I’ll never forget the first whitepaper I read in the blockchain space. No chocolate fish for guessing which one. It was the Bitcoin whitepaper of course! I was procrastinating mainly because I was scared. Scared because the 9 pages felt like hieroglyphics. In the end I bit the bullet and when my daughter was born in September 2014 I took 4 weeks off to read the whitepaper that I had mentally prepared myself for. Oh, I also helped my wife out as well :). The 9 pages to 2 hours to read but 2 months to digest. I knew the words I was reading but couldn’t understand what I was reading. Fast forward 3 years and I never thought I would be reading 2-3 whitepapers a week.

Anyone can read whitepapers and the average length these days ranges from 10-30 pages. They come in all shapes and sizes.

  • There’s the traditional academic 1 or 2 column with an abstract whitepaper such as SiacoinIOTA and Augur. These are characterised by including lots of mathematics and black print.
  • Storj lived a little dangerously and added colour to the traditional academic paper. This was only to the diagrams though.
  • Humaniq expanded on this and put in a coloured world map and a fancy cartoon like graphic. They also introduced some coloured text and believe it or not a table of content!

Coloured whitepapers, much like coloured television were becoming mainstream!

  • Graphical whitepapers such as Status and LA Token started appearing that had a dedicated coloured front page. LA Token went next level compared to Status. Different font sizes in different colours were experimented with along with attractive bar charts and believe it or not the introduction of team members!
  • “Marketing brochure” whitepapers such as Civic and Monaco then appeared. These brought in some new images, more so Monaco than Civic, that looked beautiful and attractive to try and create an emotional connection with the reader. Too bad they were meaningless and made the “whitepaper” look bigger than it actually was.

Everyone replicate the essence of the whitepaper on bitcointalk along with the token sale criteria and terms and conditions.

On a serious note

The evolution of whitepaper has followed the evolution of token sales. To stand out from the crowd, whitepapers have become more user friendly to read with less focus on the technical and more on the use case on why a token is needed and the purpose it serves.

Reading a 20 page whitepaper usually only takes a few hours. Understanding it takes a lot longer. My process usually follows something like this:

  1. Read the whitepaper and typically still don’t fully understand it.
  2. Visit the website and may understand it better.
  3. Find the team page to see who I may know or have heard of before. This is just out of curiosity.
  4. Check out the bitcointalk forums and spend maybe 4 hrs trolling through the pages reading comments and getting the sentiment of the project. It also provides my daily humour because there are some funny trolls out there.
  5. Check other social media channels which are usually quite boring.
  6. Do some YouTube searches and Google for dirt. This is the best part. Sometimes you’ll get someone who puts it all on the line and calls the project out. Bancor and Filecoin are two examples.

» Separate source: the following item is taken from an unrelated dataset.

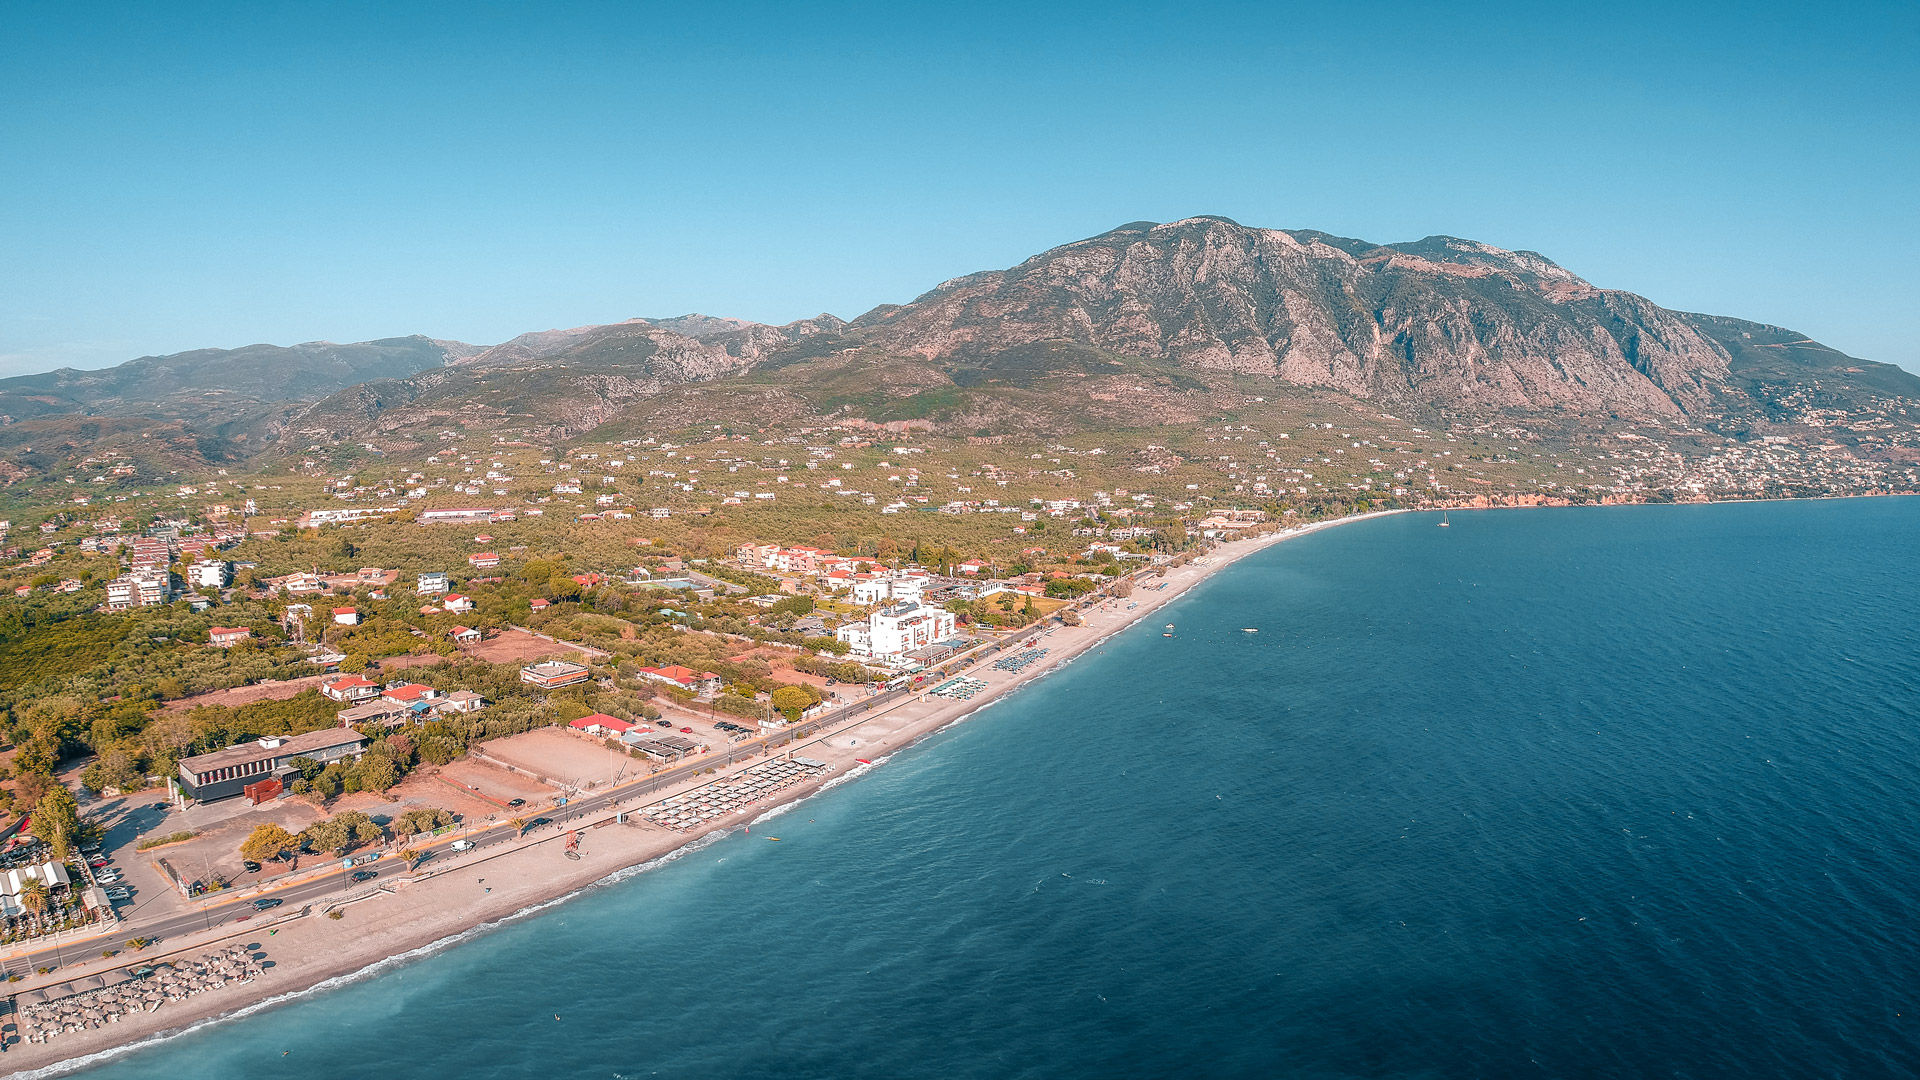 Panoramic view over the beautiful seaside city of Kalamata, Greece

Funny that Filecoin currently holds the record for highest raised at $257M and Bancor is 5th at $153M. Side note, Tezos at #2 spot with $232M raised is a work in progress. Are you starting to see a connection?

Conclusion

Is there a right way and a wrong way to write ICO whitepapers? (Say that fast 10 times!) The answer is no. As long as you get your message across and achieve your goal, you should be happy. Typically a whitepaper should convey what is you are building and how it works. I mean how it really works. Not fluffy stuff. A seperate sales token document is useful and the team should stay on the webpage. This allows me to read the whitepaper without being distracted by faces, the token supply, distribution and issuance rate. It allows me to read the token sales economics once I’ve understood the value prop. And then I can scour the website to see if orange is truly the new black, or if pink is becoming the new blue.